1 июля 1559 года состоялось пышное торжество – двойное бракосочетание старшей дочери короля Елизаветы с королем Испании Филиппом II (посредством союза Генрих II рассчитывал упрочить мир, заключенный в Като-Камбрези 3 апреля 1559 г. Англией, Францией и Испанией), и сестры короля Маргариты с герцогом Филибером Савойским. По случаю торжества был устроен рыцарский турнир. Король Генрих II, названный Нострадамусом в 35-м катрене 1 – й центурии «старым львом», приказал командующему лейб-гвардии графу Габриэлю де Монтгомери вступить с ним в одиночный поединок. К несчастью, обломок копья графа поразил правый глаз короля, сражавшегося в позолоченных доспехах. Старый король умер от этой раны 10 июля 1559 года.
«Молодой лев превзойдет старого,
На поле боя в одиночном поединке,
Поразив ему глаза в золотой клетке,
Что приведет старого льва к мучительной смерти»
(1 центурия, 35 катрен).
Это предсказание, опубликованное Нострадамусом в первом частичном издании центурий, стало причиной его славы.

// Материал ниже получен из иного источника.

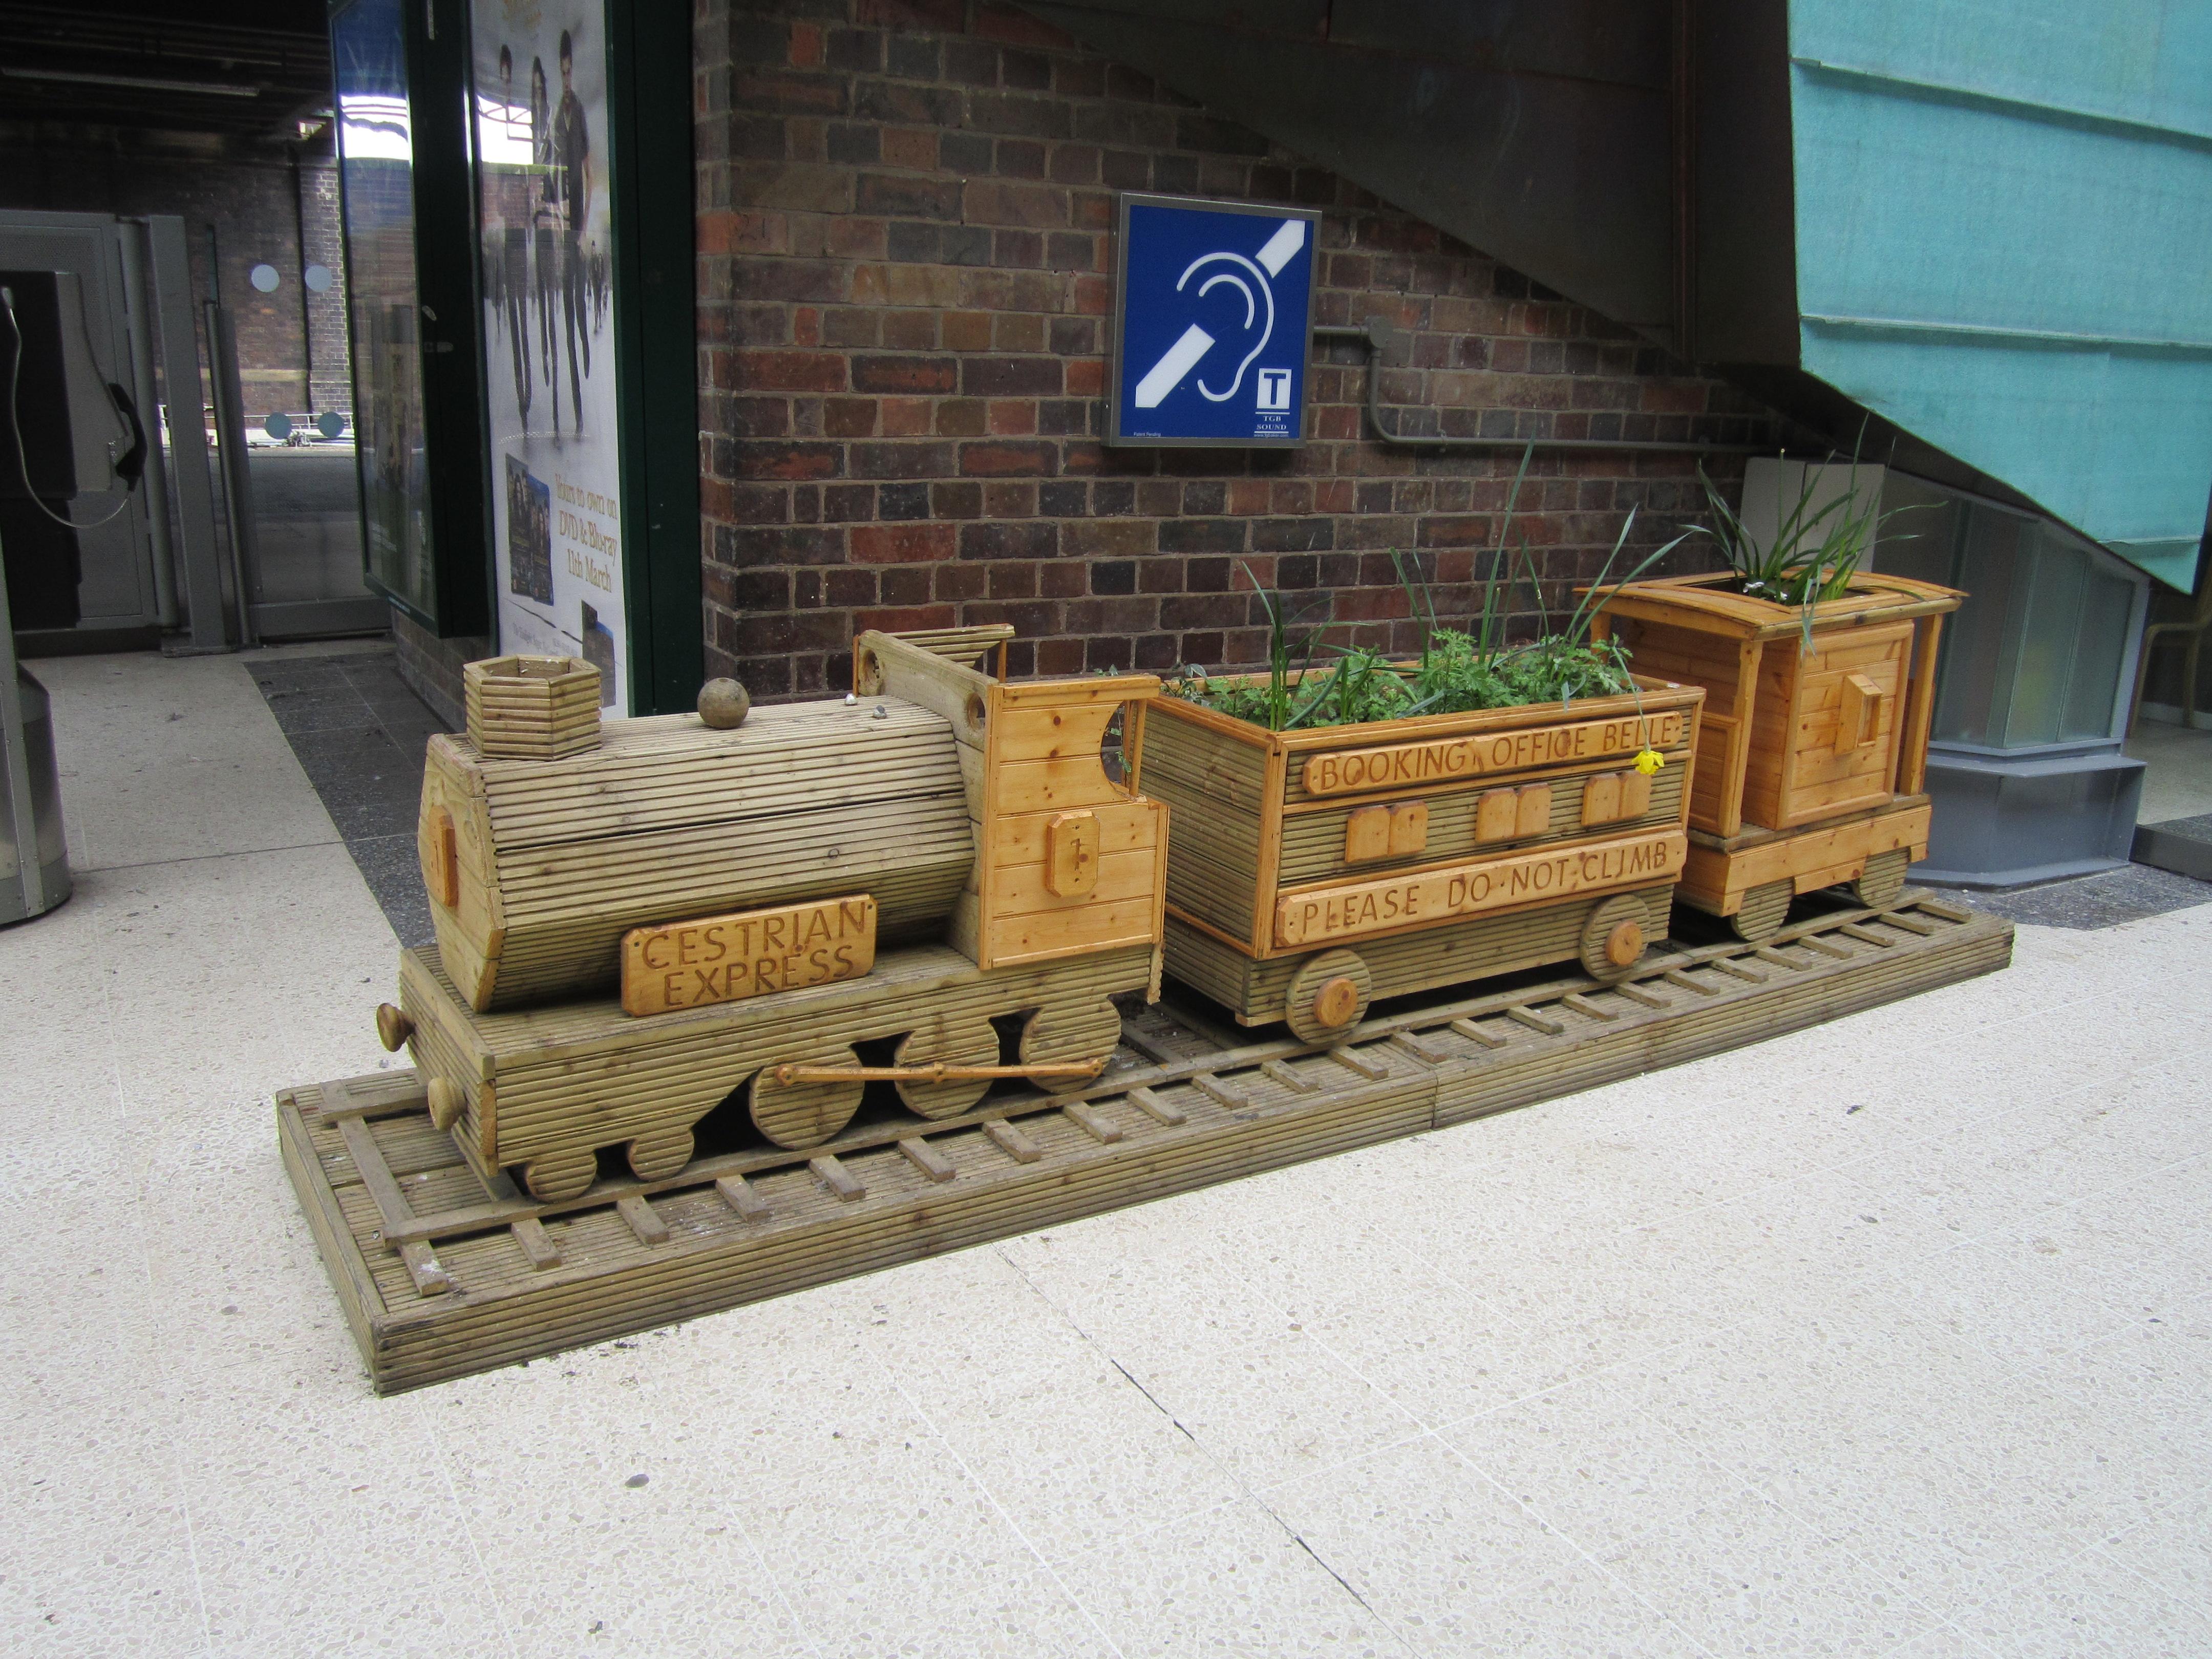 File Cestrian Express Model Train Planter Chester Railway Station
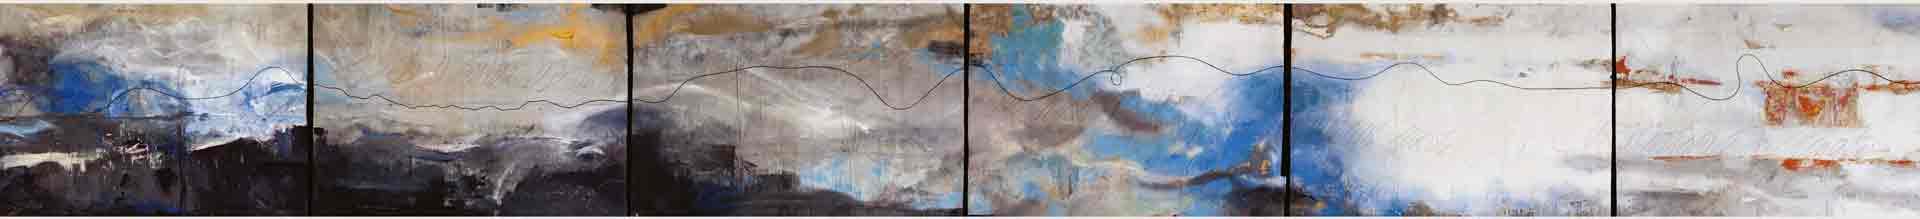 Dalva Duarte 24 Caprices - Abstract strip 06

Согласно предсказанию Нострадамуса ей (Маргарите) было суждено произвести на свет мальчика. В будущем – великого полководца, который в определенный момент жизни сильно повредит ногу, а в год, когда девятка будет предшествовать семерке, умрет. У герцогини, действительно, родился мальчик, который впоследствии под именем Карла Савойского стал известным полководцем. В год, когда Нострадамус предсказал ему тяжелую травму ноги, герцог вместе со своим другом высмеивал ненадежность всех пророчеств. Его друг заметил, что Нострадамус мог перепутать дату. Карл Савойский поднялся, чтобы принести записки, но задел массивный дубовый шкаф, который, обрушившись герцогу на ногу, надолго приковал его к постели. Герцог надеялся прожить 97 лет в соответствии с предсказанием Нострадамуса (смерть наступит в год, когда девятка будет предшествовать семерке). Однако смерть наступила в 69 лет, поскольку и в этом случае девятка предшествует семерке.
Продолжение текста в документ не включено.